Это был тупик. Он нам не верил. Каждая секунда работала против нас. Я посмотрел на Игната. Старик едва заметно кивнул. Похоже, что без боя не обойтись, других вариантов не осталось.
Игнат Михайлович медленно, с подчёркнутой неспешностью, открыл дверь и вылез их «Хорьха».
— Фельдфебель, — его голос прозвучал тихо, но с такой металлической ноткой, что караульный невольно вытянулся. — Вы только что совершили роковую ошибку.

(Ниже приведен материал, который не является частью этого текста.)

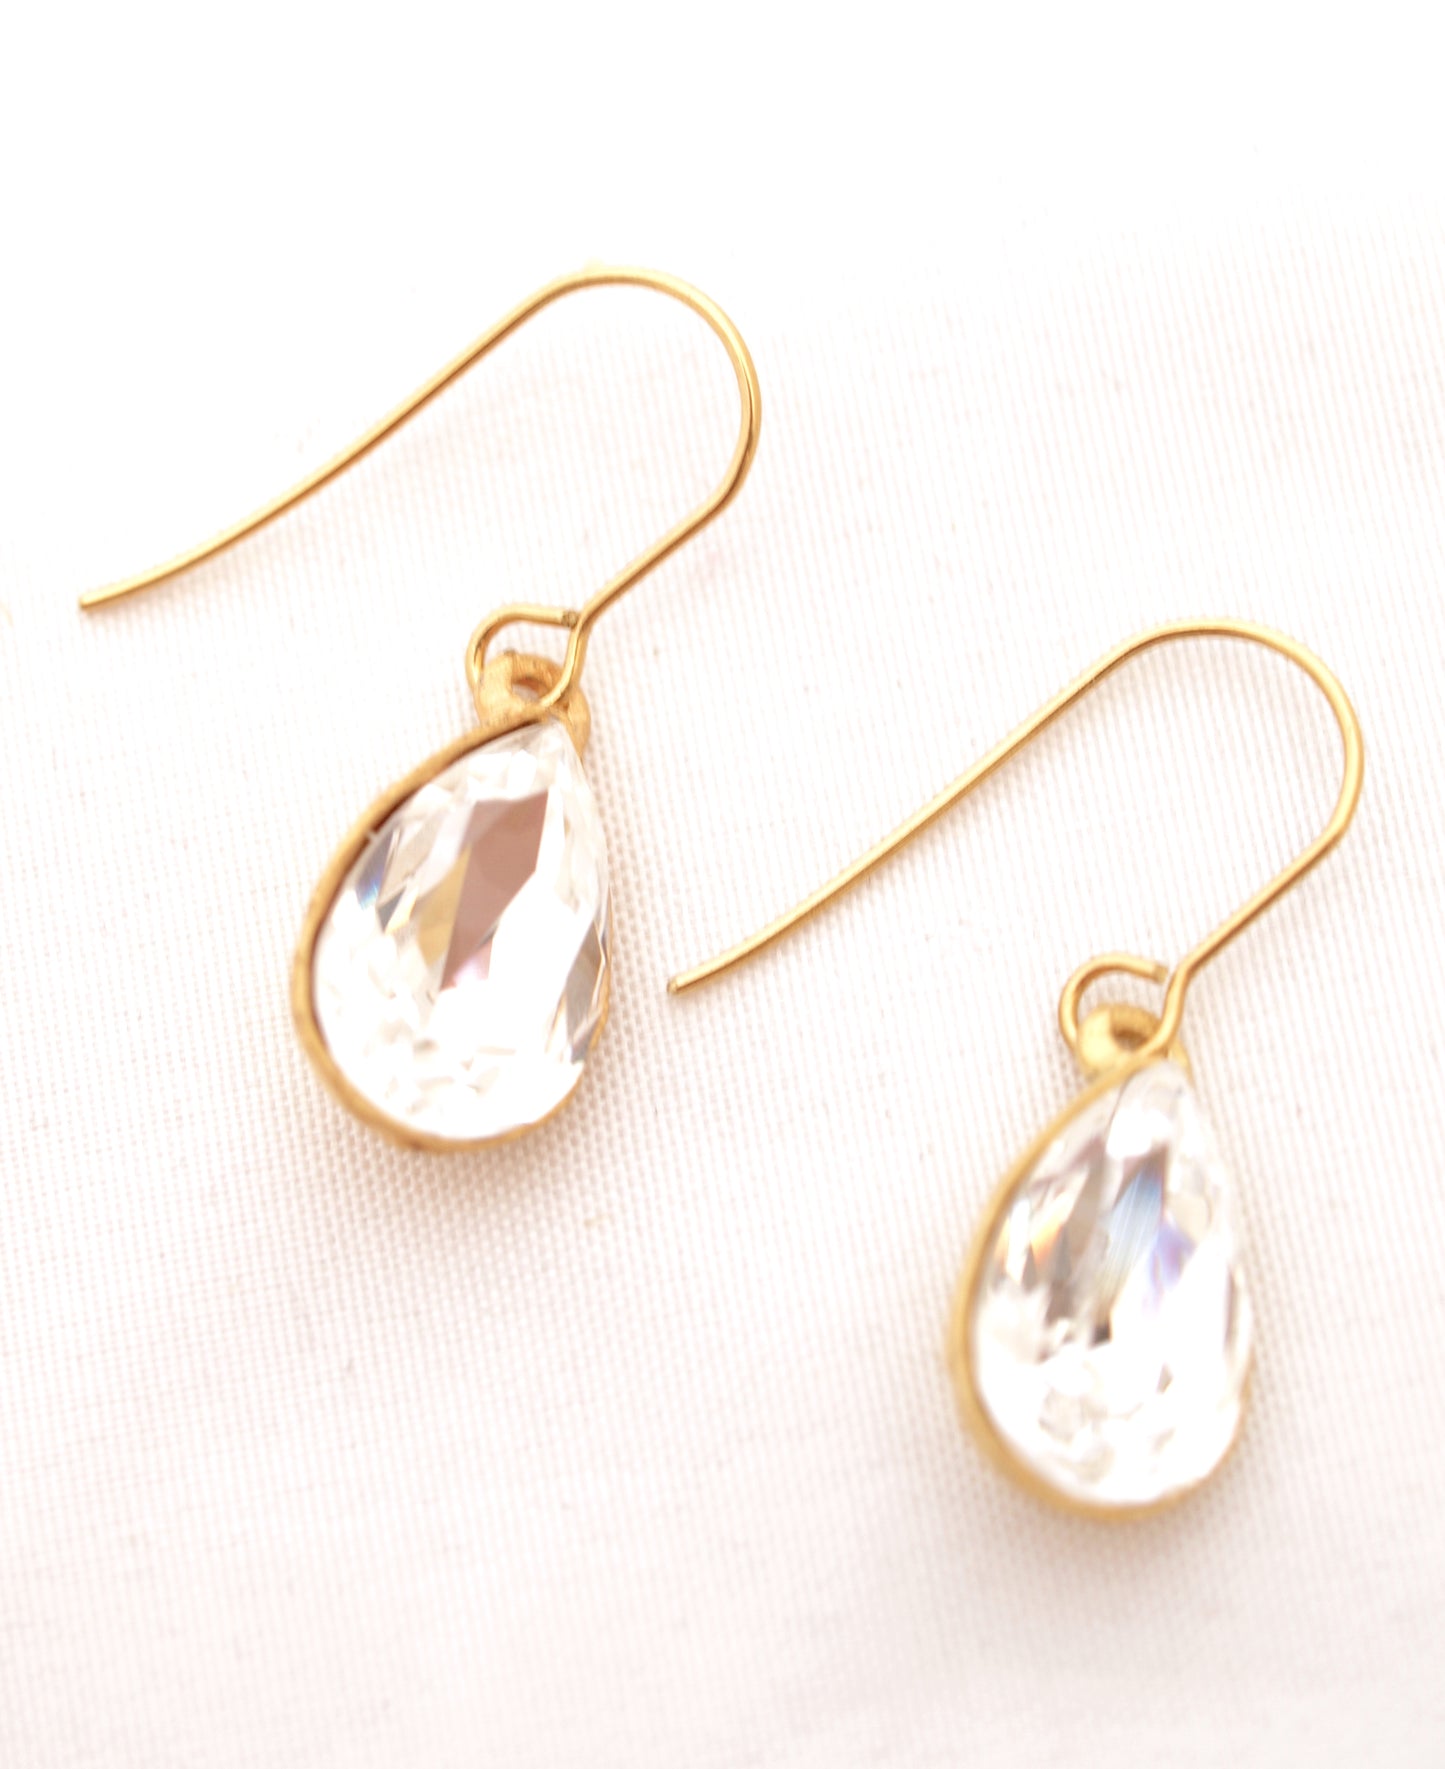 Pear shaped diamanté earrings

Он резко выбросил вперед руку с зажатым в ней «Вальтером». Фельдфебель, получив пулю точно в лоб, отлетел назад. Солдат справа от него, не успевший даже вскинуть винтовку, рухнул на землю, хватая ртом воздух. Я тоже выхватил «Браунинг» и расстрелял расчет ближайшего пулеметного гнезда. Началась бойня.
Старый полковник снова стрелял с двух рук, по–македонски, как герой вестерна. И получалось это у него просто великолепно — все пули шли точно в цель, ни один патрон не был потрачен впустую.
Воздух на блок–посту наполнился криками, свистом пуль, резкими хлопками выстрелов. Очередь из «МГ–34» прошила боковину «Хорьха», выбив стекла. Виктор, высунувшись из окна, стрелял из своего «Парабеллума», отчаянно матерясь. Игнат, не прекращая огонь, двинулся вперёд, слегка покачиваясь из стороны в сторону, чтобы сбить врагам прицел. Его фигура на секунду напомнила мне древнего бога войны.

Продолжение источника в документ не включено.